De la certification à la déclaration environnementale en passant par l’autodéclaration

Communiquer son engagement en développement durable à ses parties prenantes peut se faire de différentes façons. Il importe pour une entreprise de faire un choix éclairé sur le mode de communication choisi, en évitant à tout prix l’écoblanchiment aussi connu sous le terme greenwashing.
Les stratégies de communication peuvent être réparties en trois catégories principales : la certification, l’autodéclaration et la déclaration environnementale.
L’autodéclaration consiste à donner une information sans qu’elle soit validée par une tierce partie neutre. Par exemple, l’addition d’un logo de recyclabilité contenant un numéro permettant d’identifier le type de plastique utilisé pour un produit relève de l’autodéclaration puisqu’on se fie à la bonne volonté du fabricant de fournir une donnée juste, sans contre-vérification.
La certification passe par l’utilisation d’un label ne transmettant pas de résultats concrets, mais répondant à des critères de performance vérifiés par un certificateur indépendant. Le logo EnergyStar en est un bon exemple.
Enfin, la déclaration environnementale est la transmission de données quantifiées à l’aide de paramètres déterminés. L’embauche de spécialistes réalisant une analyse de cycle de vie d’un produit pourrait être une façon d’obtenir des données environnementales rigoureuses.
Cette catégorisation des stratégies de communication se colle aux types de labels identifiés par la série de norme ISO 14020.
Pour plus d’information sur le sujet et sur les certifications environnementales utilisées au Québec, visitez le site Certification-Québec mis sur pied par Éco-Coop.

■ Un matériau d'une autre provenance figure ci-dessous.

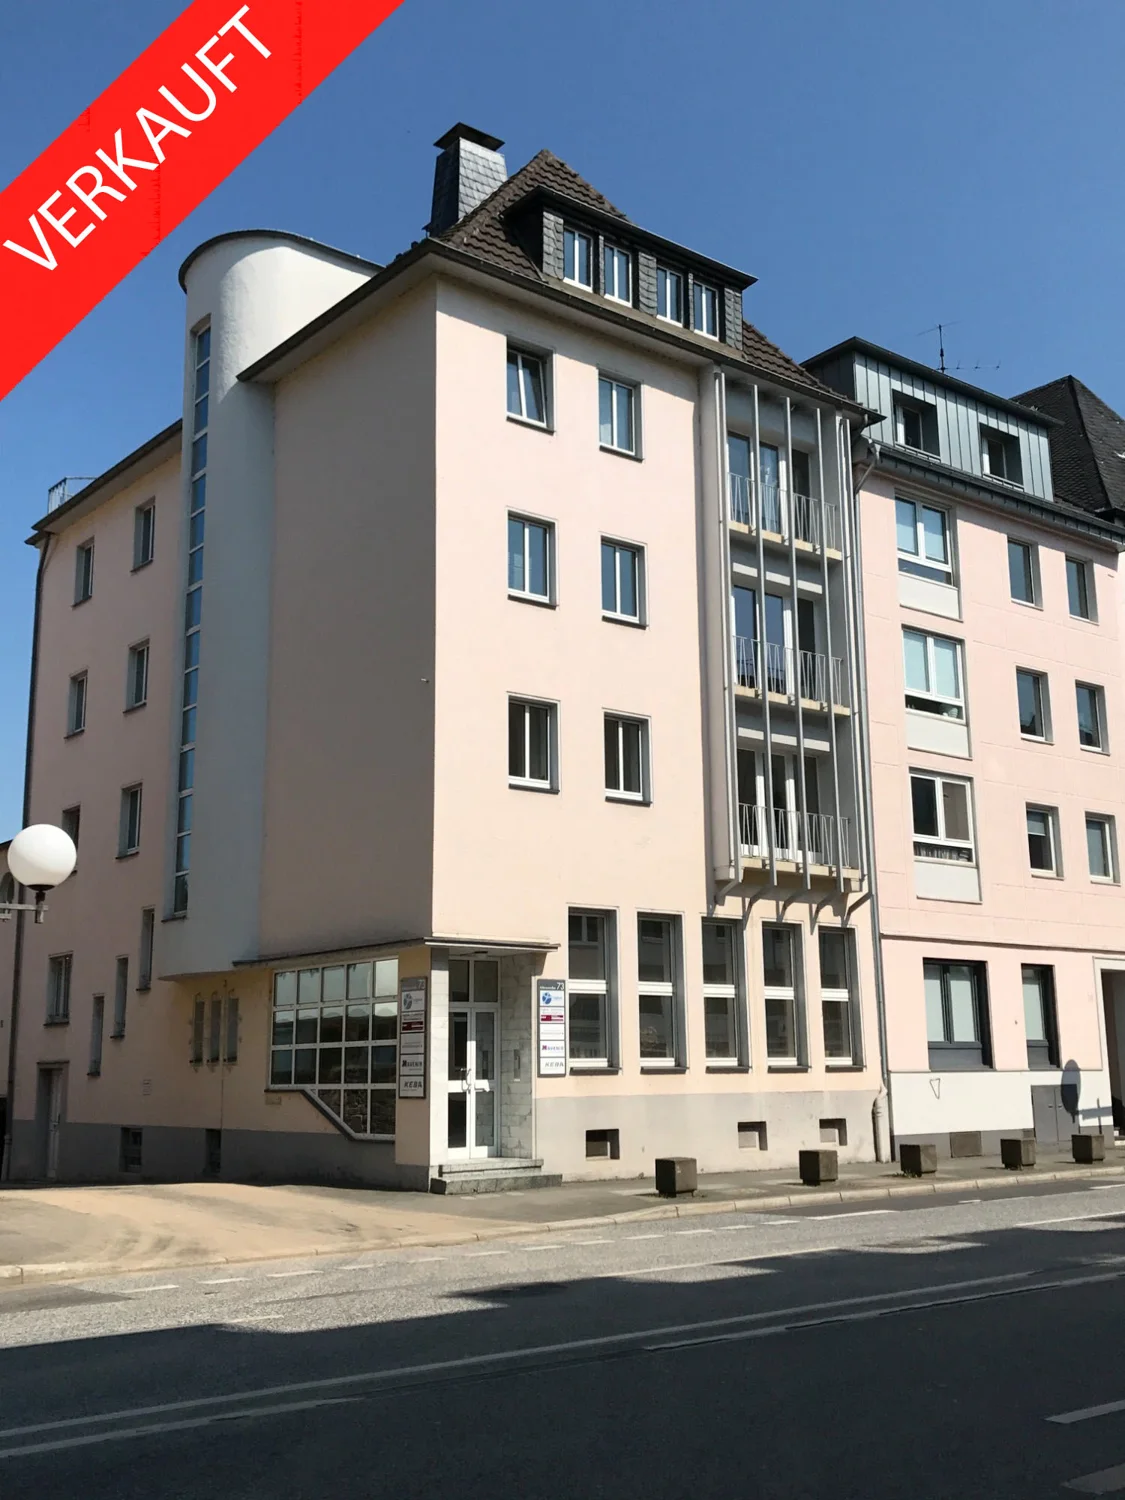 Verkauft - Immobilie in attraktiver Lage von Bonn!

Prendre le virage du DD ou en payer le prix

Les valeurs profondes et l’articulation d’une vision à long terme intégrant le développement durable sont les véritables moteurs d’une entreprise réellement durable.

Certaines entreprises n’hésitent pas à repenser le modèle traditionnel pour s’assurer que leur vision ne soit pas modifiée en cours de route par des impératifs économiques souvent jugés prioritaires. C’est le cas de Patagonia et de son changement de statut légal. Le 3 janvier dernier, elle devenait la première en Californie à adopter le statut de Benefit Corporation.
D’autres entreprises semblent pendant ce temps ignorer le développement durable au point où leur image est de plus en plus ternie par leur modèle d’affaires décrié publiquement par la population. Voyez les cas de Barclays, Freeport, Samsung, Syngenta, Vale et Tepco nominés cette année au Public Eye Awards.
Tout cela est matière à réflexion!

La santé et sécurité au travail fait partie du développement durable!

Alors que le développement durable en entreprise est souvent associé à la réduction des impacts environnementaux, la santé et sécurité au travail est également un critère de durabilité. L’excellence en santé et sécurité est sans l’ombre d’un doute un élément clé pour une main-d’œuvre demeurant productive à long terme et moins volatile (départ des employés ou absence liée à la maladie).
Un des aspects souvent négligé dans ce domaine est l’ergonomie des postes de travail. Lorsque la même posture est maintenue sur de longues périodes ou que des gestes répétitifs sont exigés, des mesures de prévention sont à prendre.
Dans le cas des employés de bureau travaillant à l’ordinateur, les maux de dos ou tendinites peuvent souvent être prévenus par l’aménagement adéquat du poste de travail.

Le document Conseils ergonomiques : le travail à l’ordinateur publié sur le site Internet de la CSST présente d’ailleurs, de façon simple, les bonnes pratiques à ce niveau.